Advanced Persistent Threats

APTs can sidestep safeguards and infiltrate infrastructure in order to pilfer data. Usually this happens through a malware-infected email, file or application. The malware establishes itself, steals the information it needs and removes the evidence. All that is left is the destruction.

Unfortunately, these cyber attacks slip under the radar all too often. The only way to stop them is by implementing consistent security measures with the help of your cloud provider.

Data Loss

Fraudsters and malicious software are not always to blame for data loss. Sometimes, cloud data can be compromised by simple human error. An accidental deletion without a proper backup in place can cost your company dearly! A natural disaster, fire or flood can also wipe out all data that hasn’t been previously protected.

Your best defense against data loss?
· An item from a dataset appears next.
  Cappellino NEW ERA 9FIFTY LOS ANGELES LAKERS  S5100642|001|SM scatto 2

Daily data backups and off-site storage. These two practices can keep your business running smoothly no matter what unforeseen complications arise.
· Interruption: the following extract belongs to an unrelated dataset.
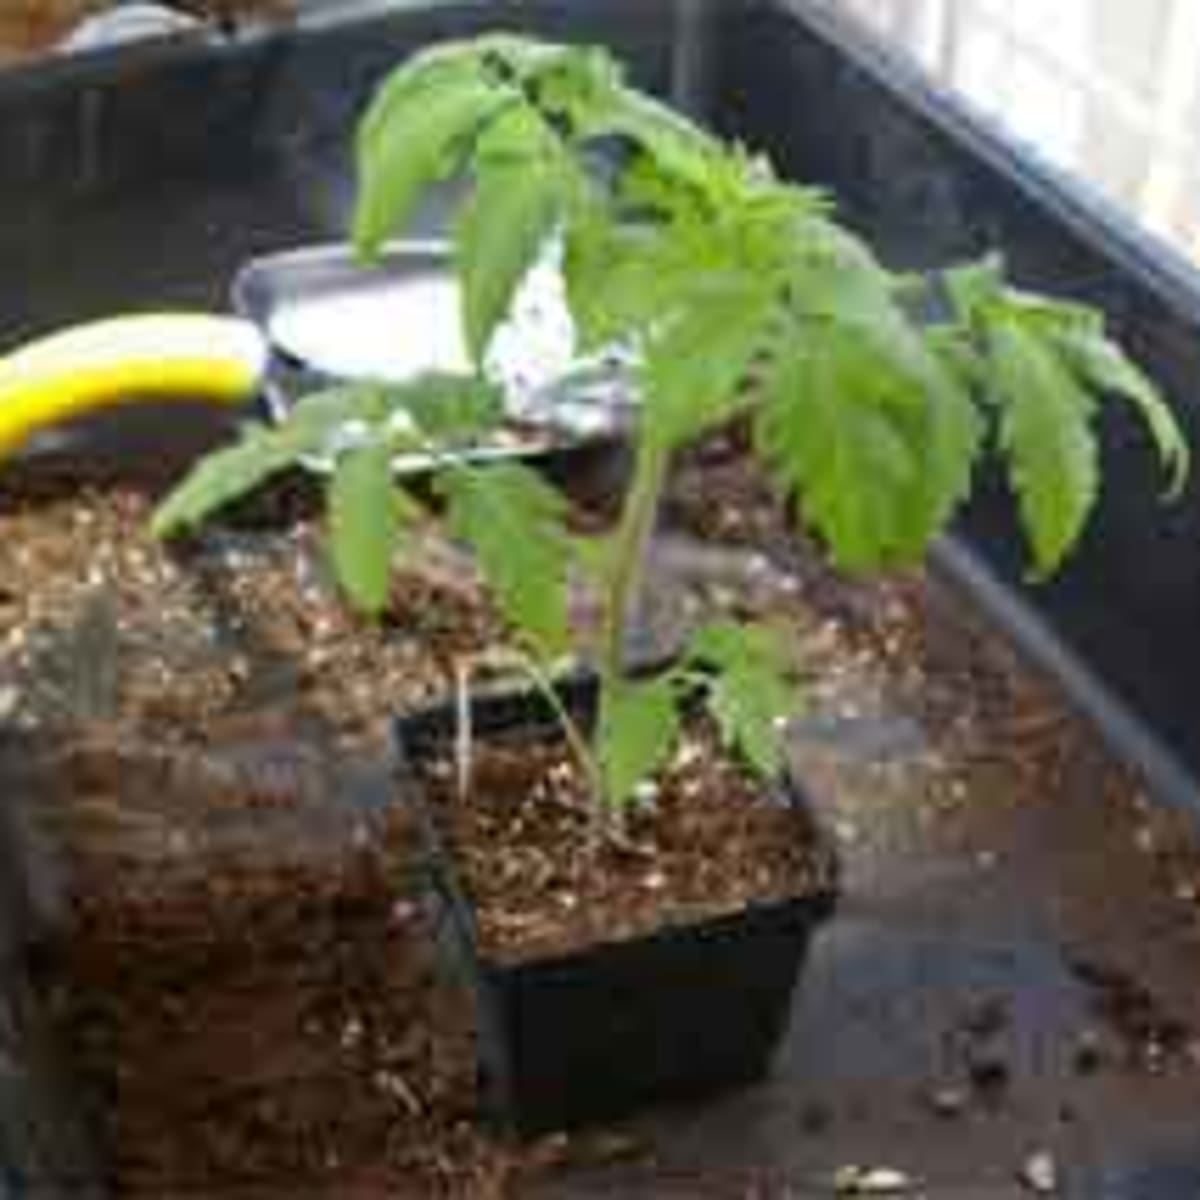 How to Get Thick Stems on Tomato Plants

Insufficient Due Diligence

Understanding due diligence, and successfully developing a plan with your provider, are two important steps for maintaining compliance following cloud adoption. Not taking the time to execute these strategies can put a company at risk financial and legal implications. Canadian companies should be particularly vigilant of compliance as recent U.S. legislation has made data residency a fundamental concern.

Abuse and Nefarious Use of Cloud Services

Free cloud service trials may sound enticing, but these can be catalysts for fraud. Anyone with a credit can rent space from certain cloud providers and can open up a host of threats for your organization. Hackers may be able to bypass the isolation feature that barricades cloud customers from one another and compromise the private information of others.
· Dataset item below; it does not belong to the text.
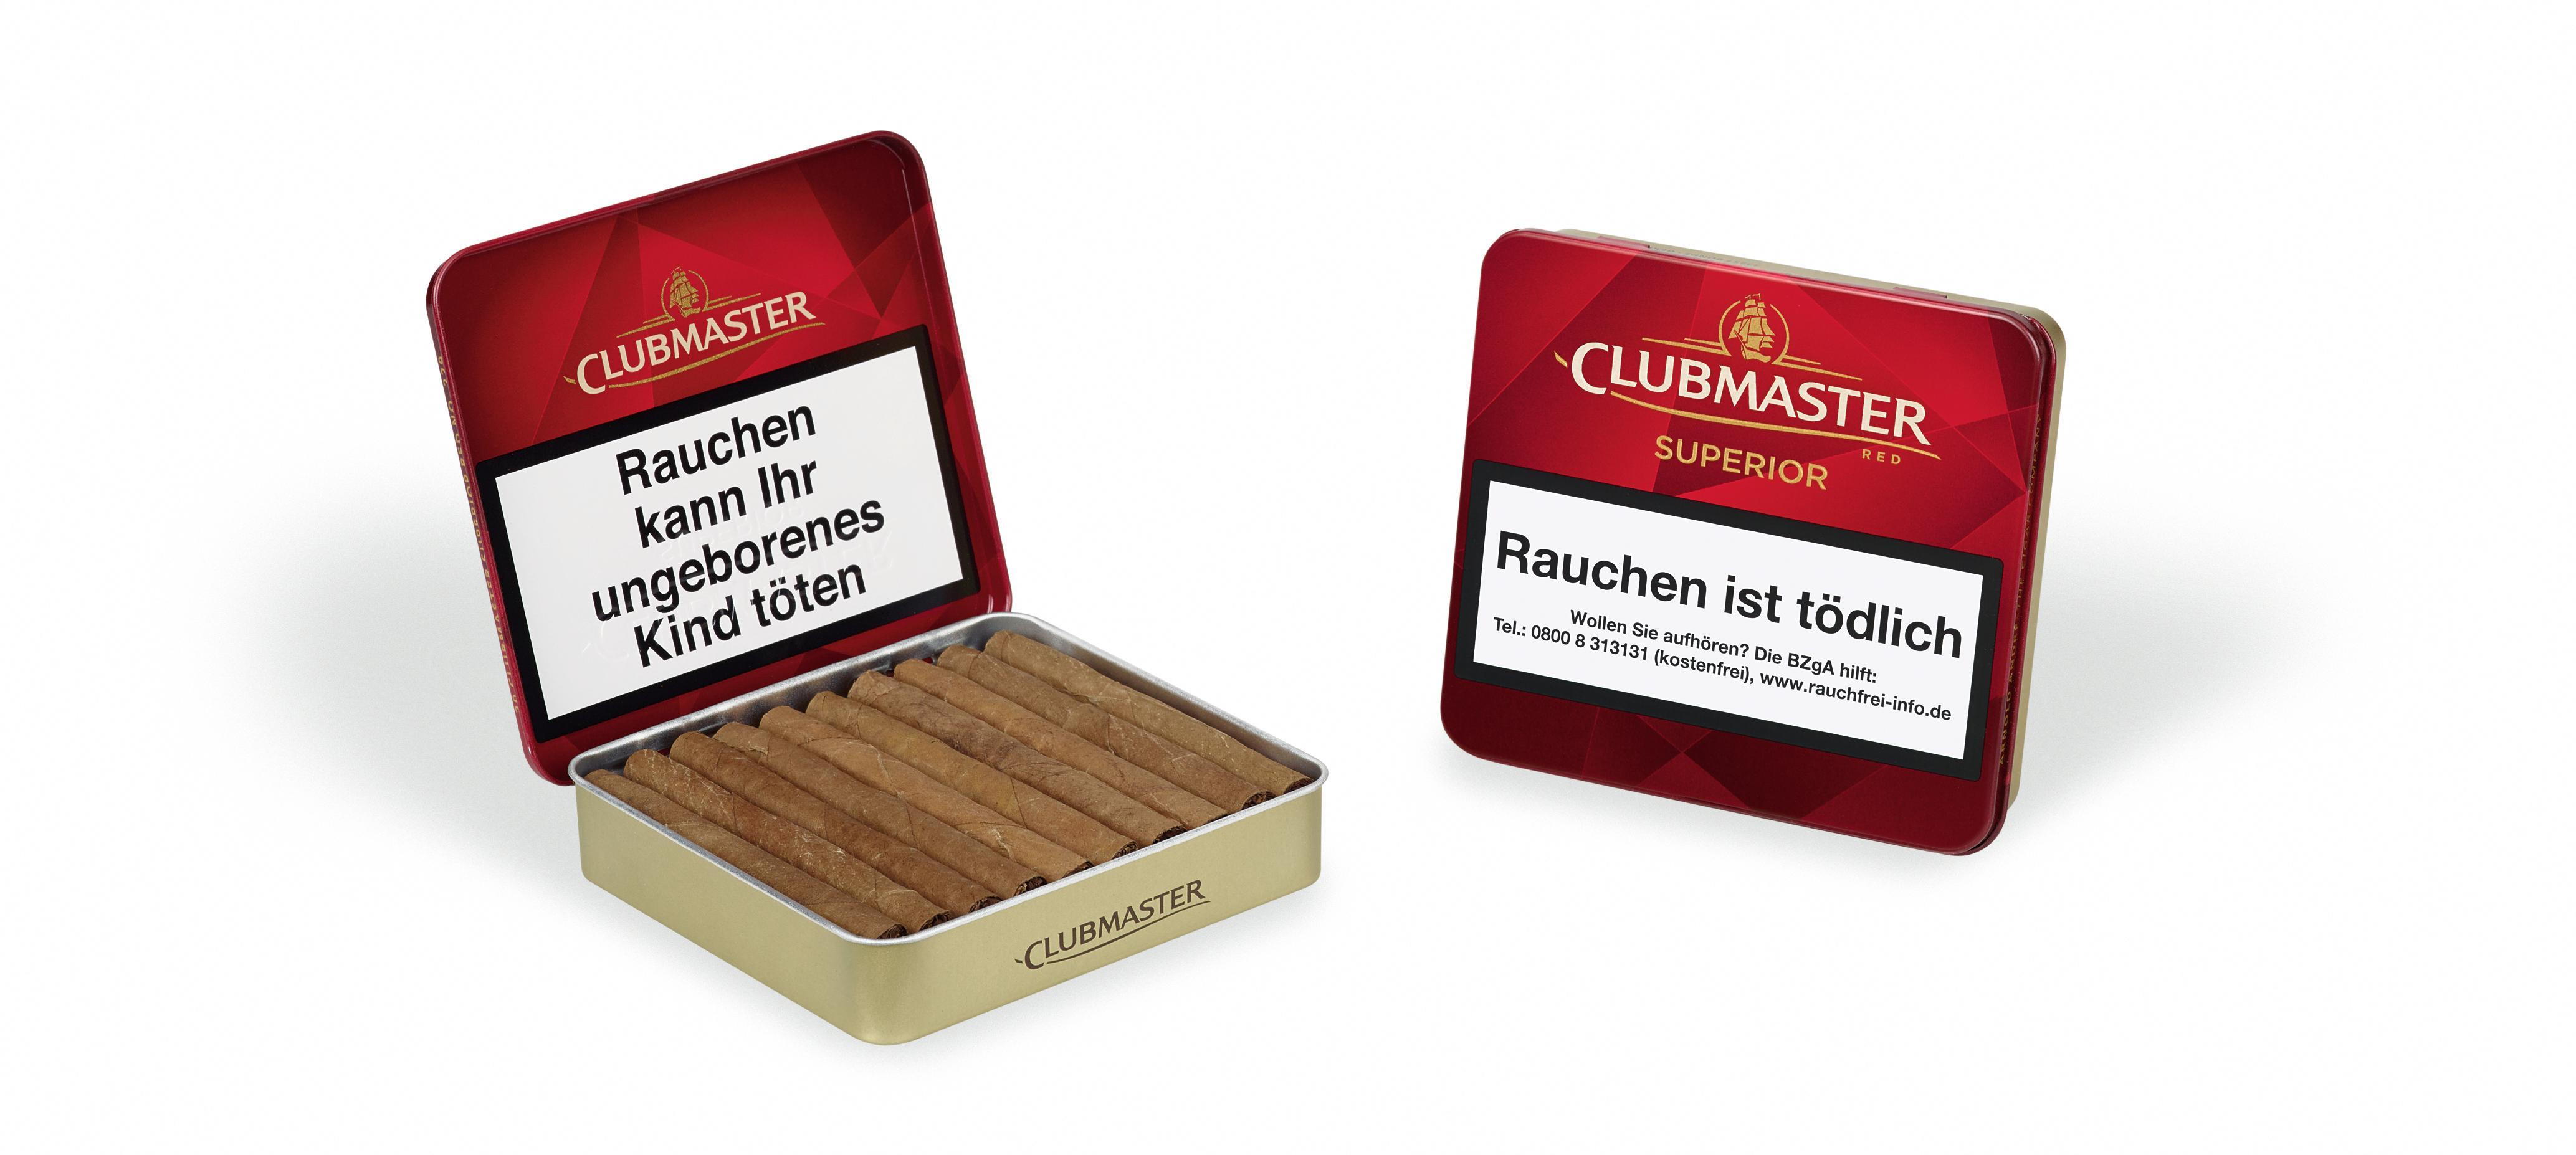 Clubmaster Superior Red ohne Filter Nr. 229 5 x 20 Zigarillos 20St

Choosing a provider shouldn’t be a hasty decision. This behavior can be avoided when you select a quality provider who employs stringent security mechanisms.

Denial of Service

Denial-of-Service (DoS) attacks can range from a nuisance to a horrendous nightmare. A DoS attack swamps the bandwidth of a system with traffic, leading to complete blackout. Users are unable to access applications and data that are essential for business functionality.

For many cloud providers, DoS attacks are easy to mitigate. However, some struggle with this task and could leave your business susceptible to this draining hazard. This is another important area to evaluate when choosing a provider.

Shared Technology Vulnerabilities

The scalability that makes cloud service so unique is achieved when providers share their infrastructure and applications. This tactic is very safe when proper mitigations are in place.

Multi-factor authentication, a host-based intrusion detection system and patches for shared resources are some of the ways that threats can be prevented. Your cloud provider should be proficient at ensuring that your information is not in harms way when it is in their hands.

Settling on a secure cloud service provider is the only route to take if you want comprehensive protection from the vulnerabilities listed. Here is a quick checklist of practices that your provider should fulfill:

  • A secure infrastructure for all forms of cloud services.
  • A set of security strategies that address the management of access to systems.
  • Comprehensive identity management that permits authorization and sets authentication standards to prevent malicious users from changing or stealing data.
  • Operational data backup and retention procedures. Also, a disaster recovery and business continuity plan to keep everything running in the face of an environmental catastrophe.
  • A physical security directive that ensures your data is safe from non-digital hazards that could affect the hardware and external equipment within a datacenter.

Education is the key to integrating cloud services successfully and avoiding major risk factors. Working with a trustworthy provider can help you make the right decisions for your business, your staff and your clients. Remember that the risks will never go away, but they are best navigated with a team of experts.